Other nations change their currency regularly in an attempt to be socially relevant. Maynard-Knox Professor of Government and Law Frank Anechiarico states that, in contrast, the United States has had the same main figures on its paper currency since the 1920s, and even then only one or two people were different. Whether we choose to adopt the same principles and practices of routine change depends on what we view the purpose of historical figures on currency to be.

Anechiarico claims that this purpose is to “be a marker of what we consider to be socially and politically significant character traits and historical moments.” By those standards, he contends, Hamilton should absolutely not be taken off of our currency.

Many people are unaware of Hamilton’s “rags to riches” story. Contrary to popular belief, he was an immigrant, born in the Caribbean, and sponsored by his town to travel to the United States to study. As Winslow Professor of Classics Carl Rubino notes, Hamilton then became one of the country’s most skilled and egalitarian lawyers, founded the Bank of New York and the U.S.Coast Guard, hatched the ideas of implied powers and judicial review, and became the first secretary of the treasury. 

Hamilton was also a key figure in getting the Constitution ratified; Anechiarico notes that Hamilton “turned the tide in favor of the constitution” at the New York state convention.
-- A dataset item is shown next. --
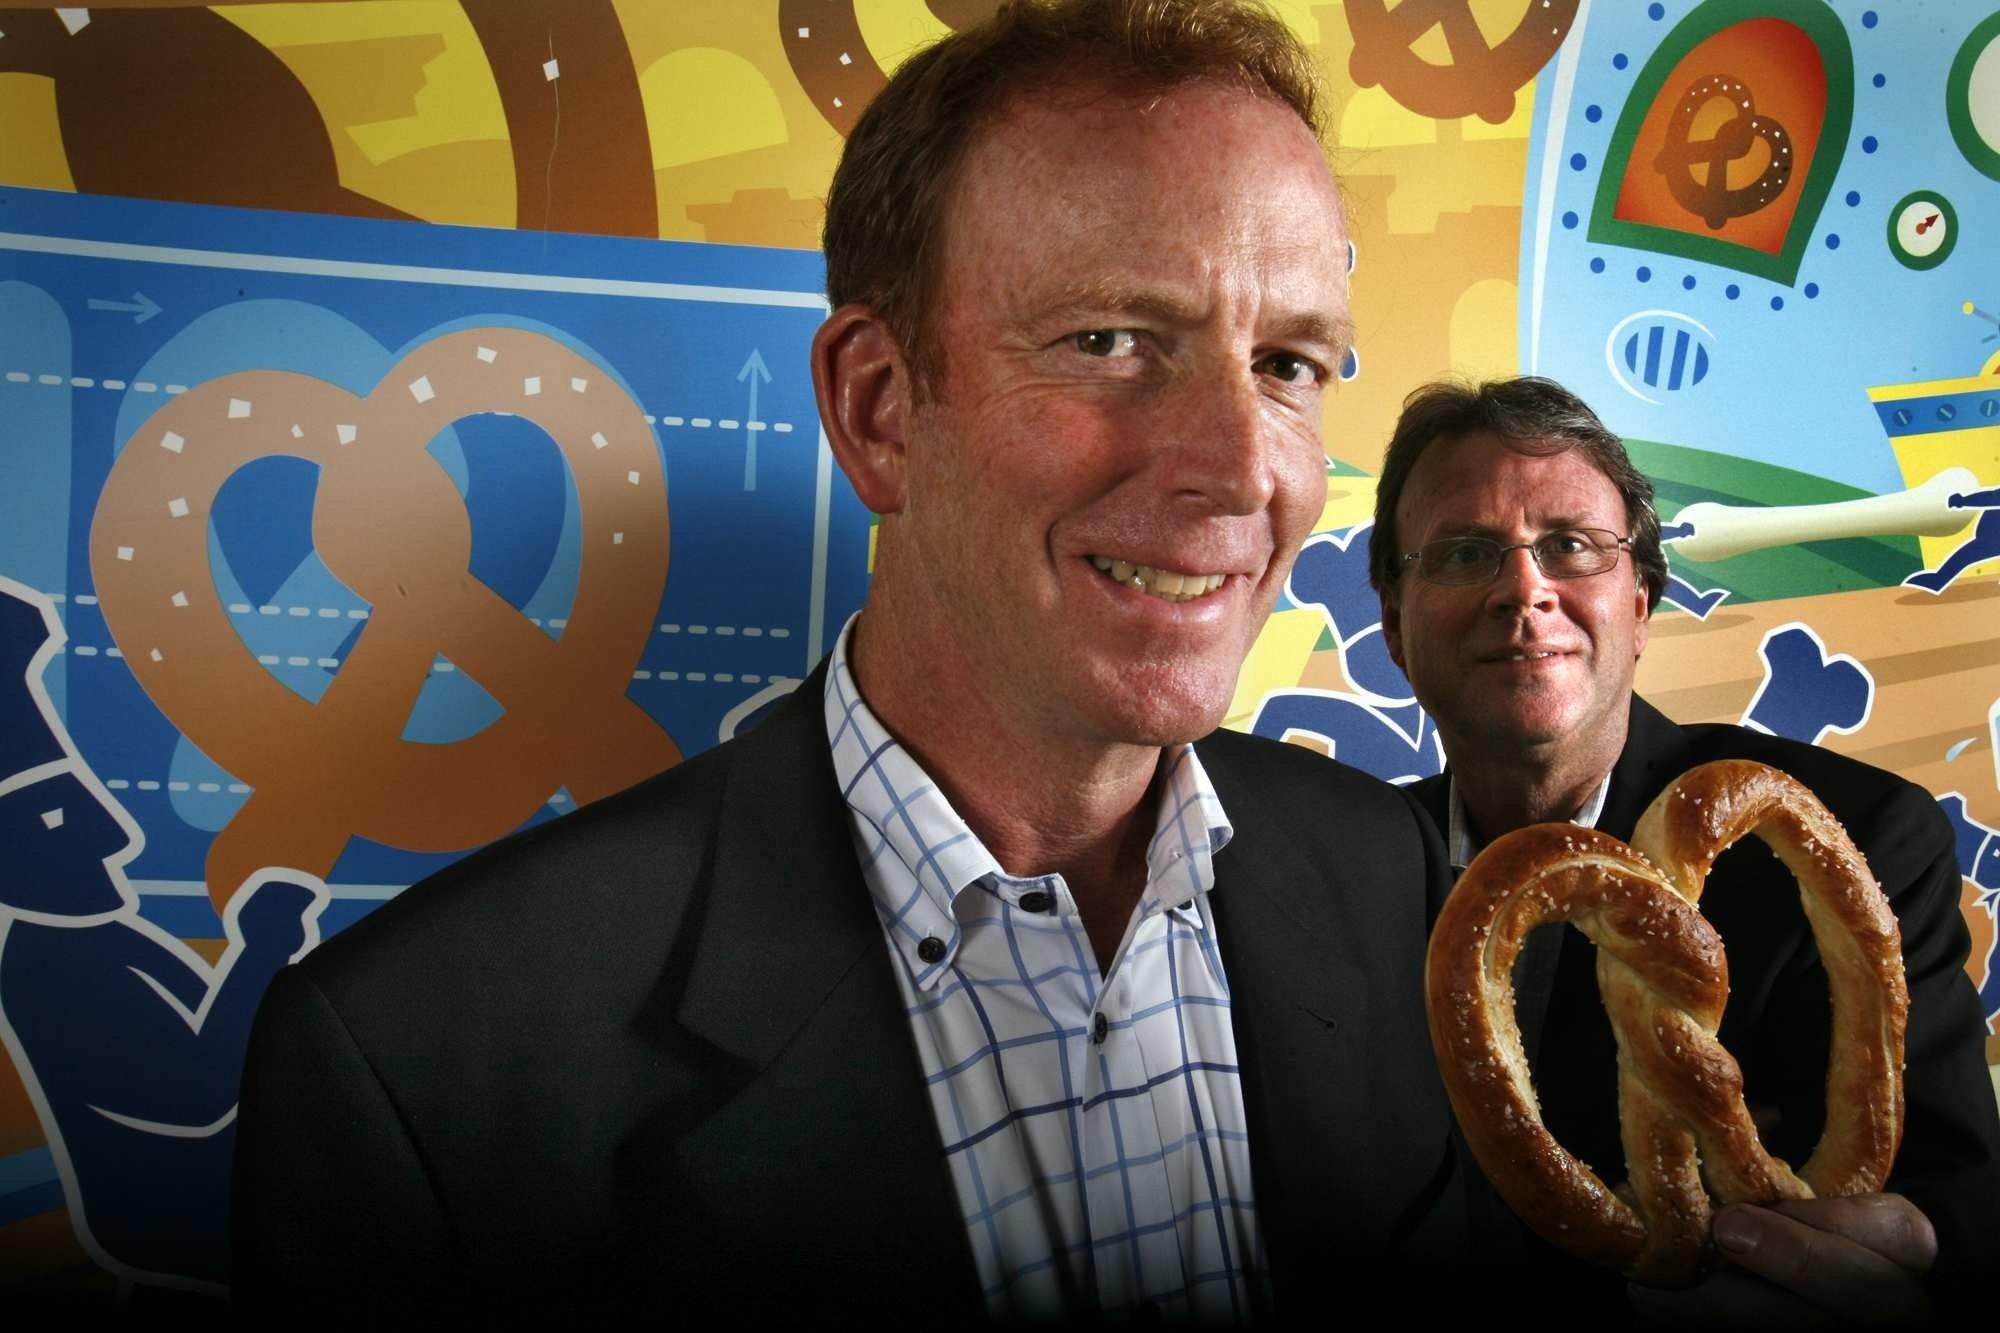 PASADENA, CA- OCTOBER 05, 2012: Bill Phelps and Rick Wetzel, the co-founders of the Wetzel's Pretzel
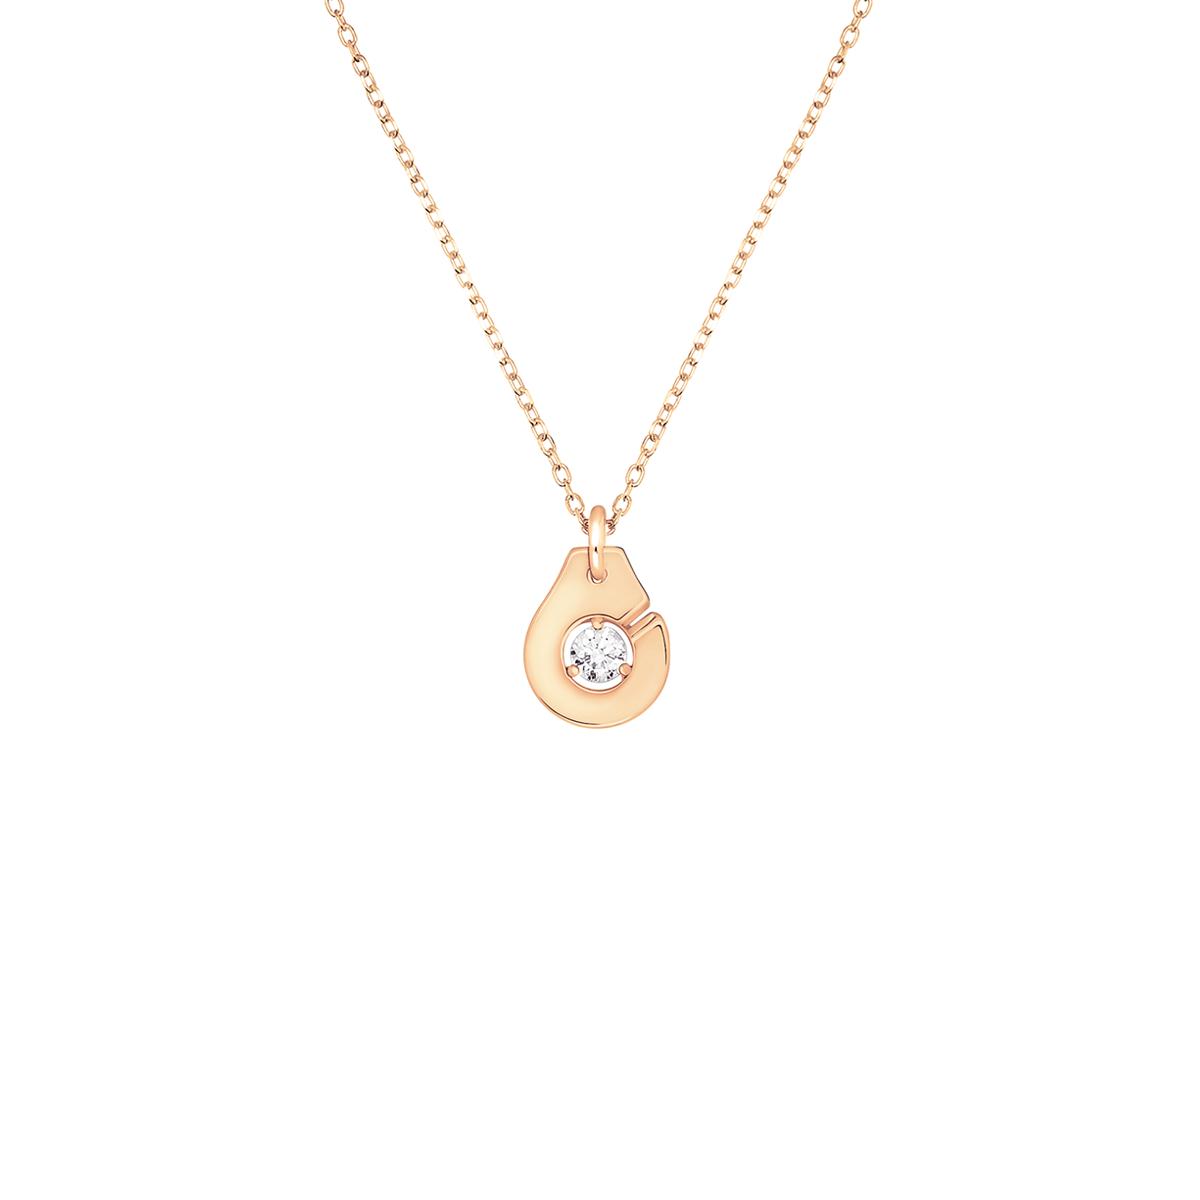 Collier Menottes dinh van R8 or rose et diamant

Rubino also points out that whereas other revolutionary leaders of  Hamilton’s time were slave-owners, such as Washington and Jefferson, Hamilton never owned slaves and was an avid abolitionist. 

Instead of taking Hamilton off of the $10 bill, Rubino suggests replacing Andrew Jackson on the $20 bill. Jackson does not embody current American ideals and was responsible for great atrocities in our history such as the Trail of Tears.  Anechiarico also suggested having one bill with all of our important historical figures, and leaving the other bills open for contemporary heroes. One final proposition is to start putting figures on both sides of currency, without removing anyone. 

Despite these suggestions, and the massive quantity of emails and letters Jack Lew has received, it appears that the decision will still be carried out. For those who feel strongly about this debate, the best way to get involved is to write to your Congress person or directly to Jack Lew.